# Given records
========
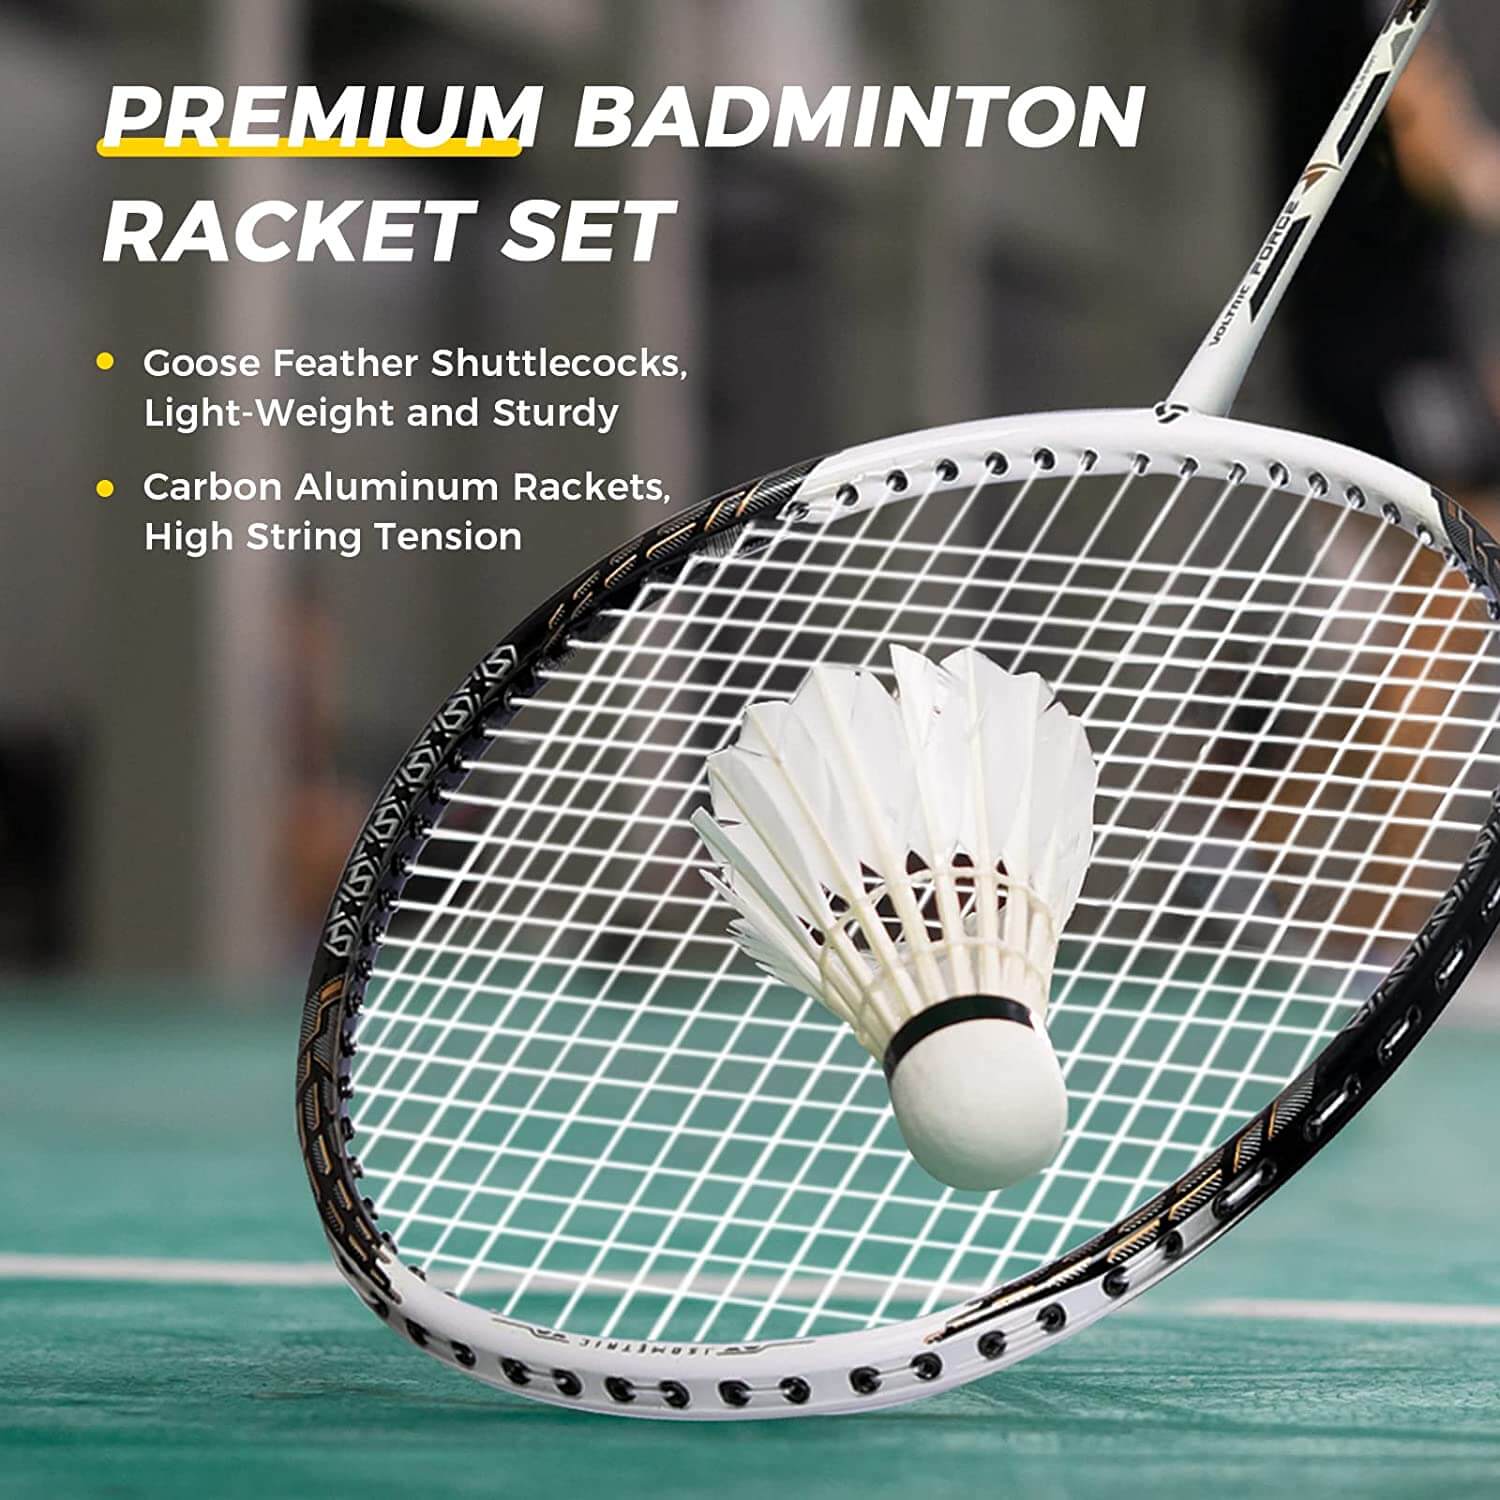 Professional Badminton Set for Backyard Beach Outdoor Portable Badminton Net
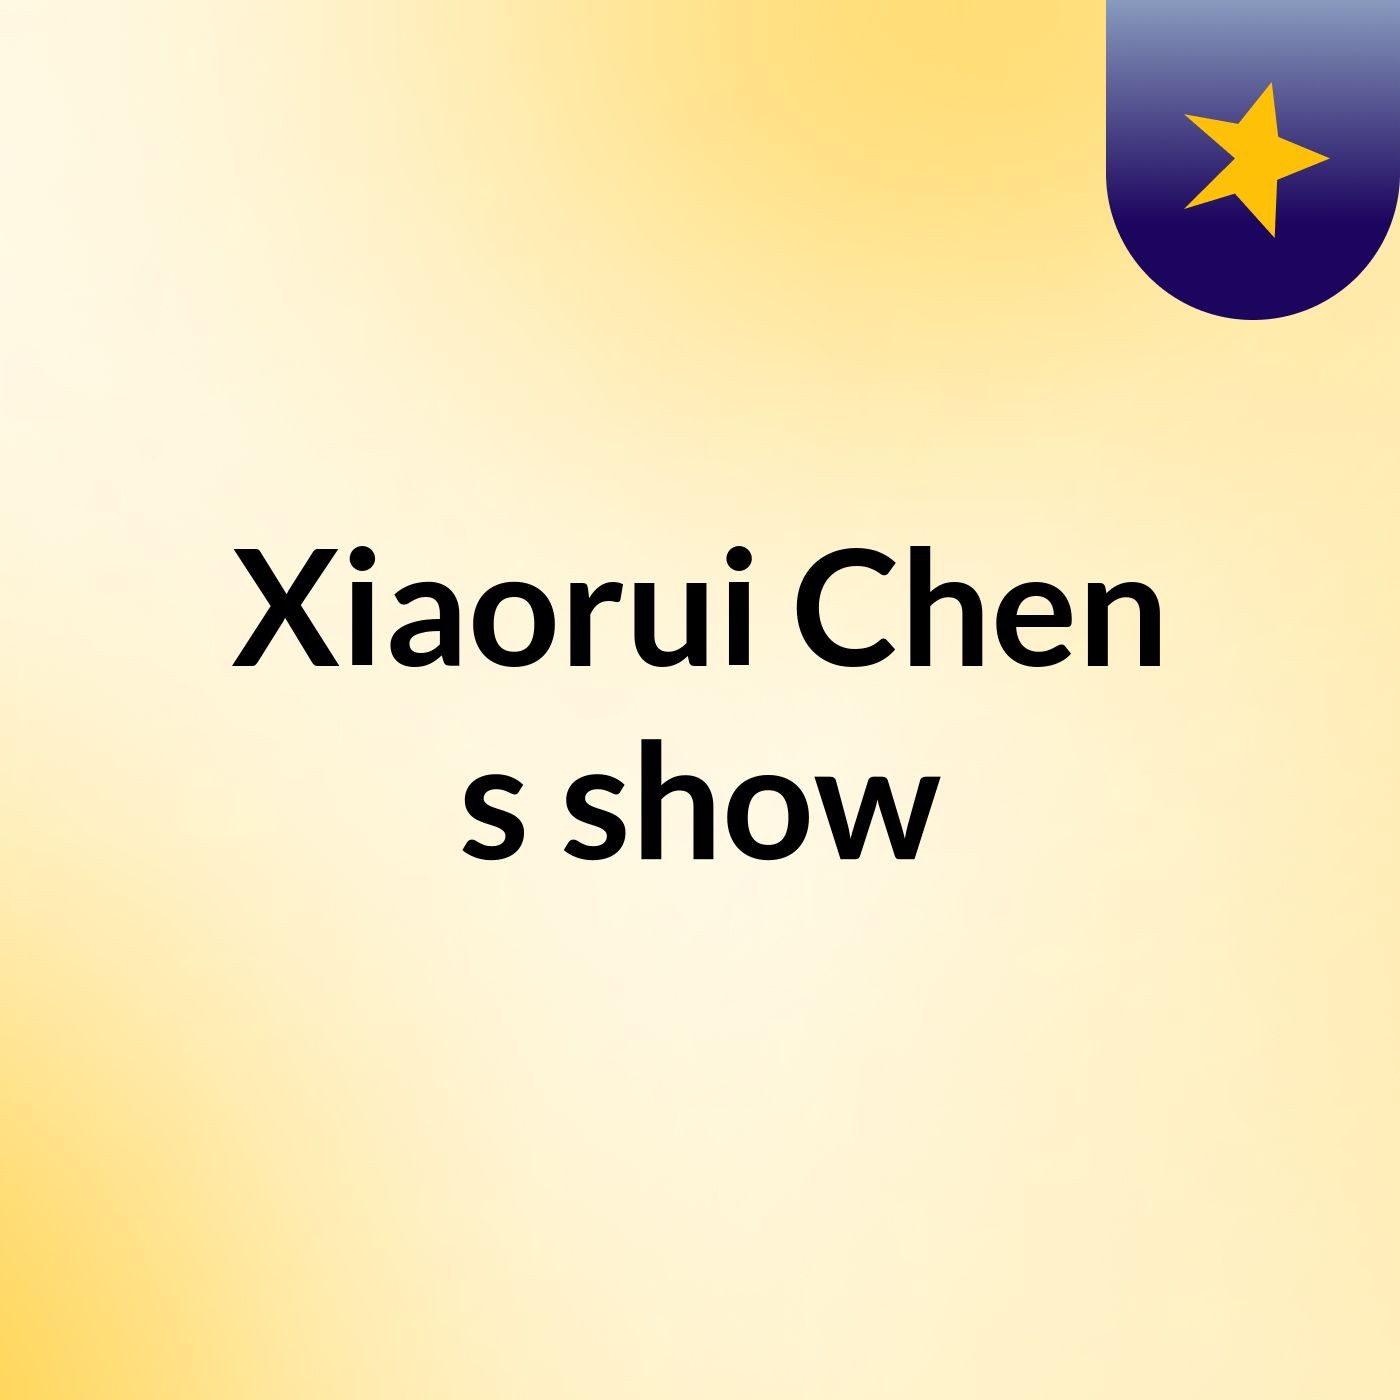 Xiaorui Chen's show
========
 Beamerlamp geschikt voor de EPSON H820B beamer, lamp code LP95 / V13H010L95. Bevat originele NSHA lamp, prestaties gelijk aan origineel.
========
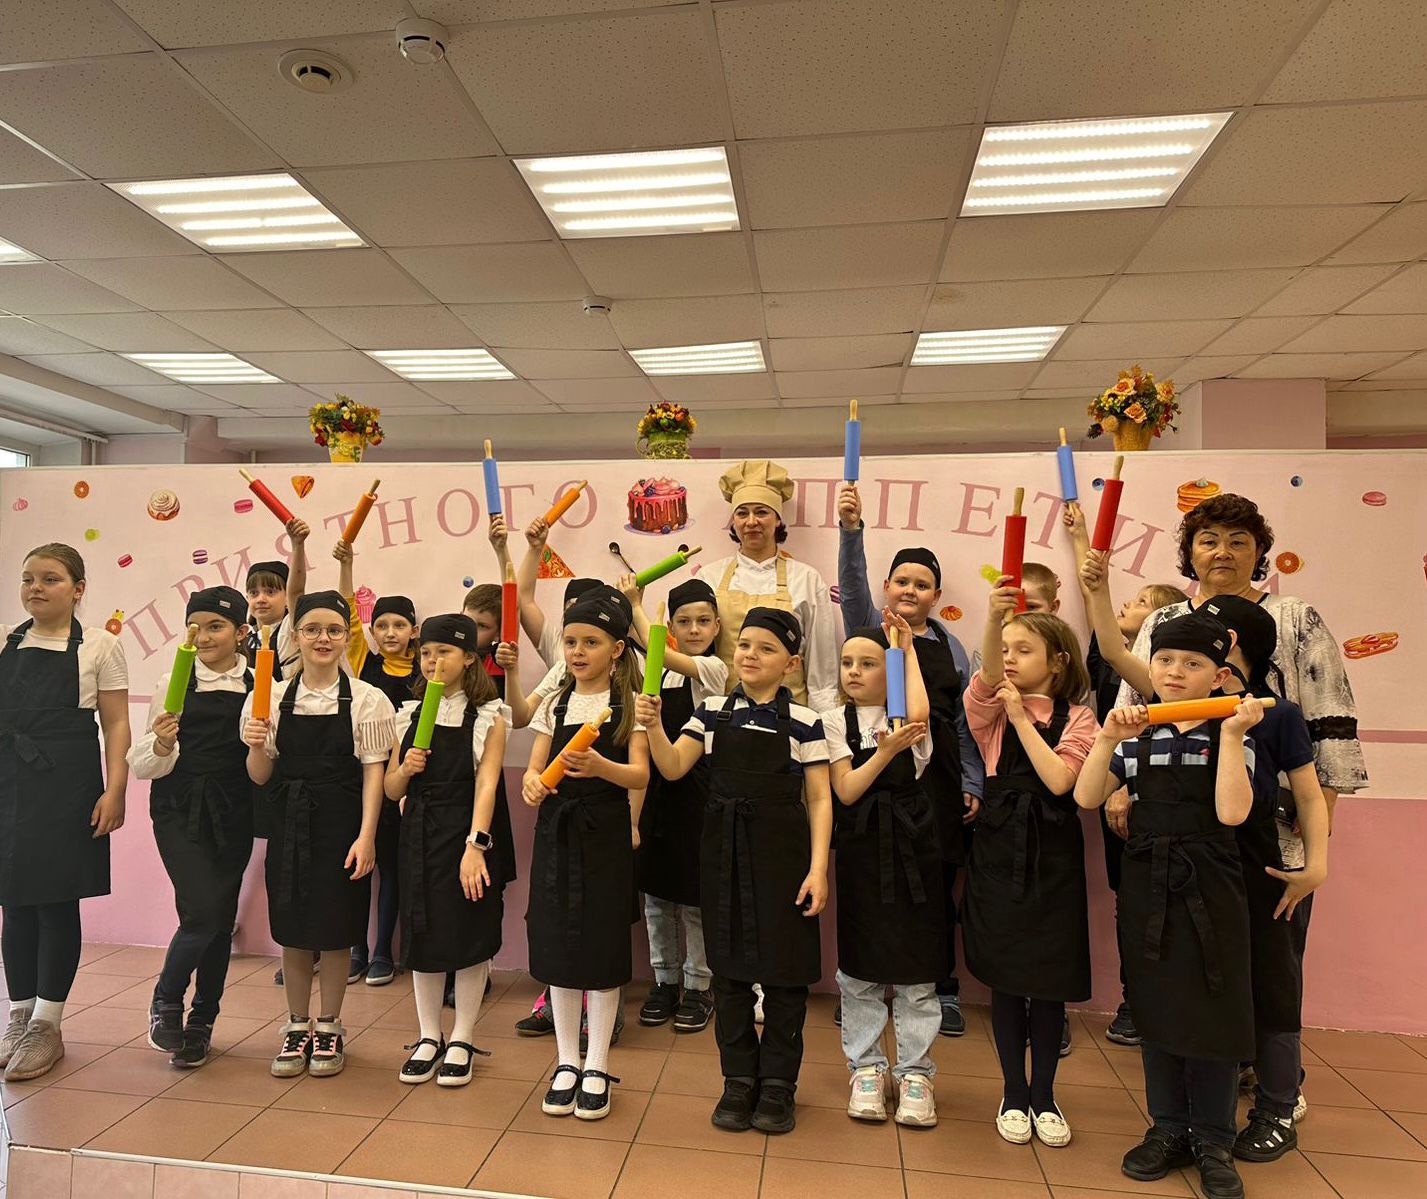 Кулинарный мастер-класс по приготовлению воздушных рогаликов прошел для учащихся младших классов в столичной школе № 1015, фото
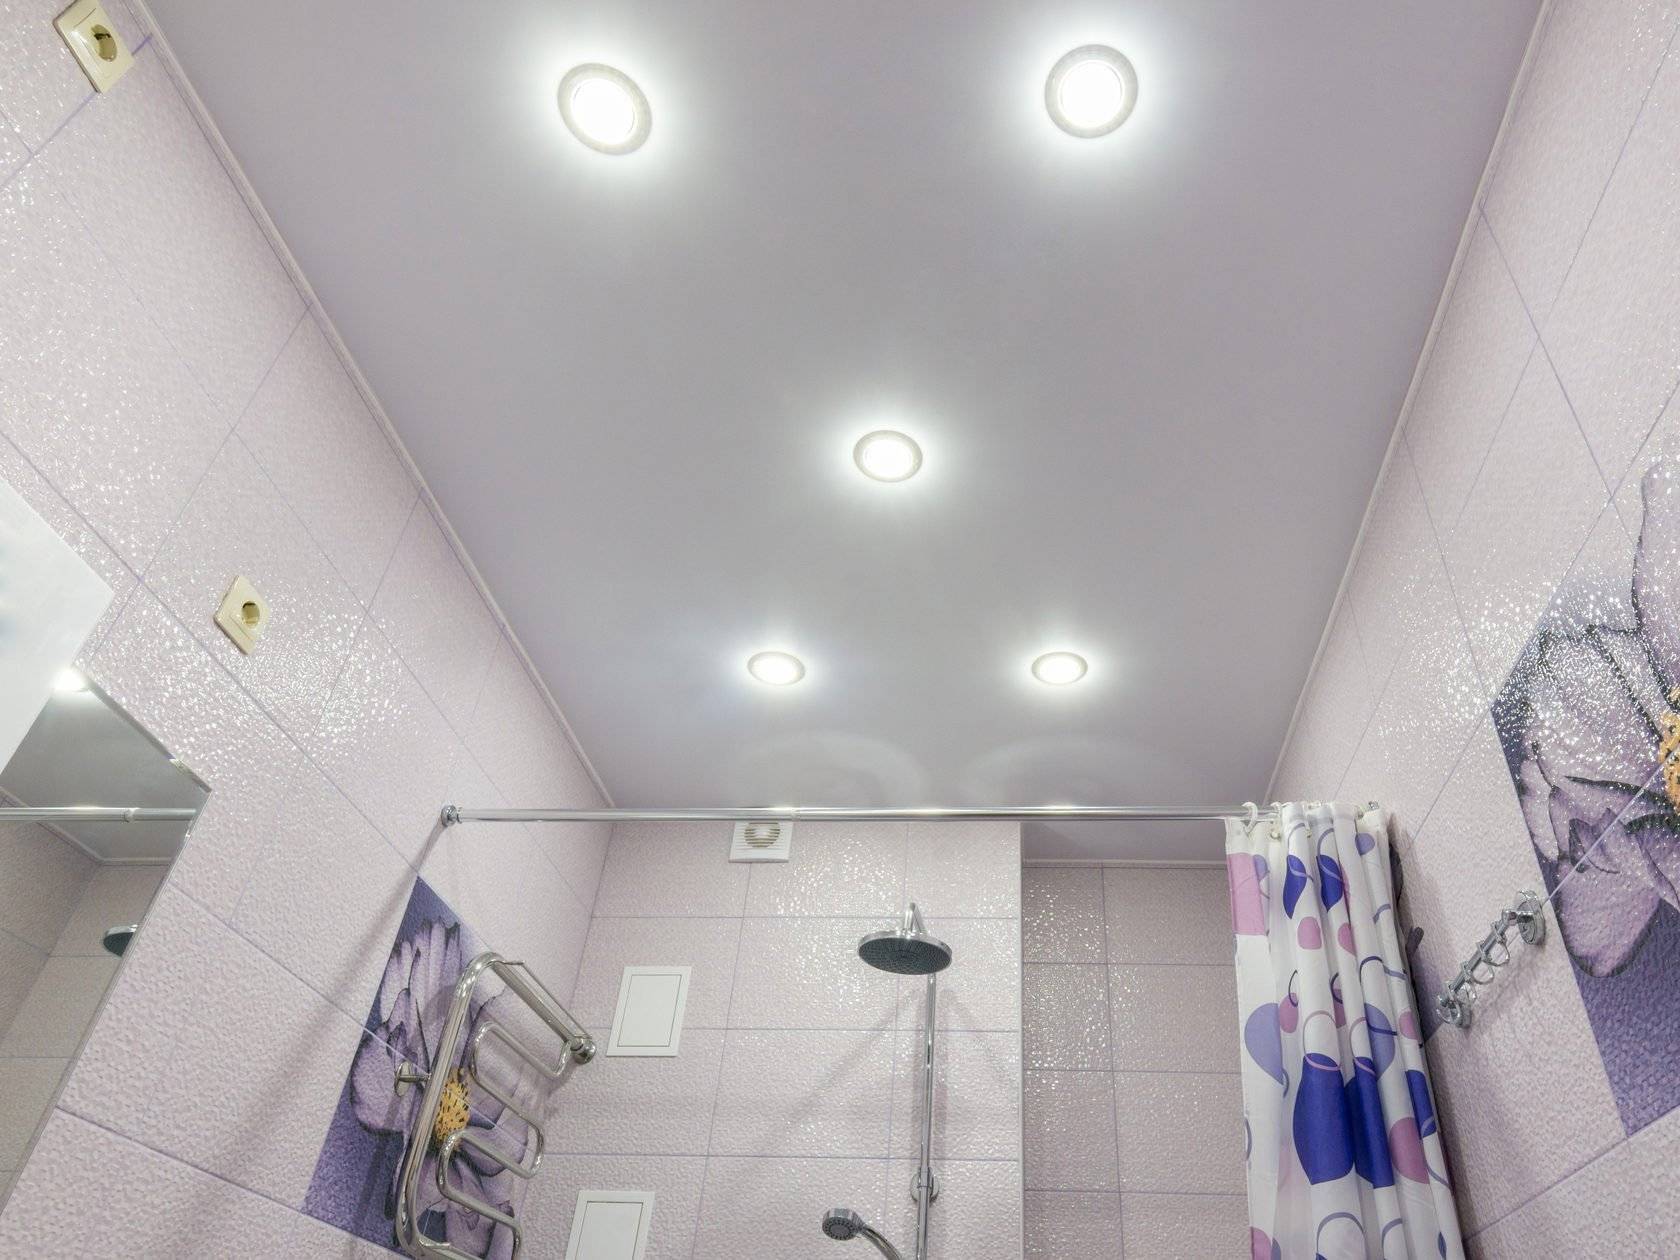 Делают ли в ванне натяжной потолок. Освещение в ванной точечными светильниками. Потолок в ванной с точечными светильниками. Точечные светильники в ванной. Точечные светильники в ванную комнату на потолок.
========
# Task details
Give again, exactly as written above, each line from the one that has "Professional Badminton Set" to the one that has "Xiaorui Chen's show", both included; omit the pictures.

# Answer to this task
 Professional Badminton Set for Backyard Beach Outdoor Portable Badminton Net
 Xiaorui Chen's show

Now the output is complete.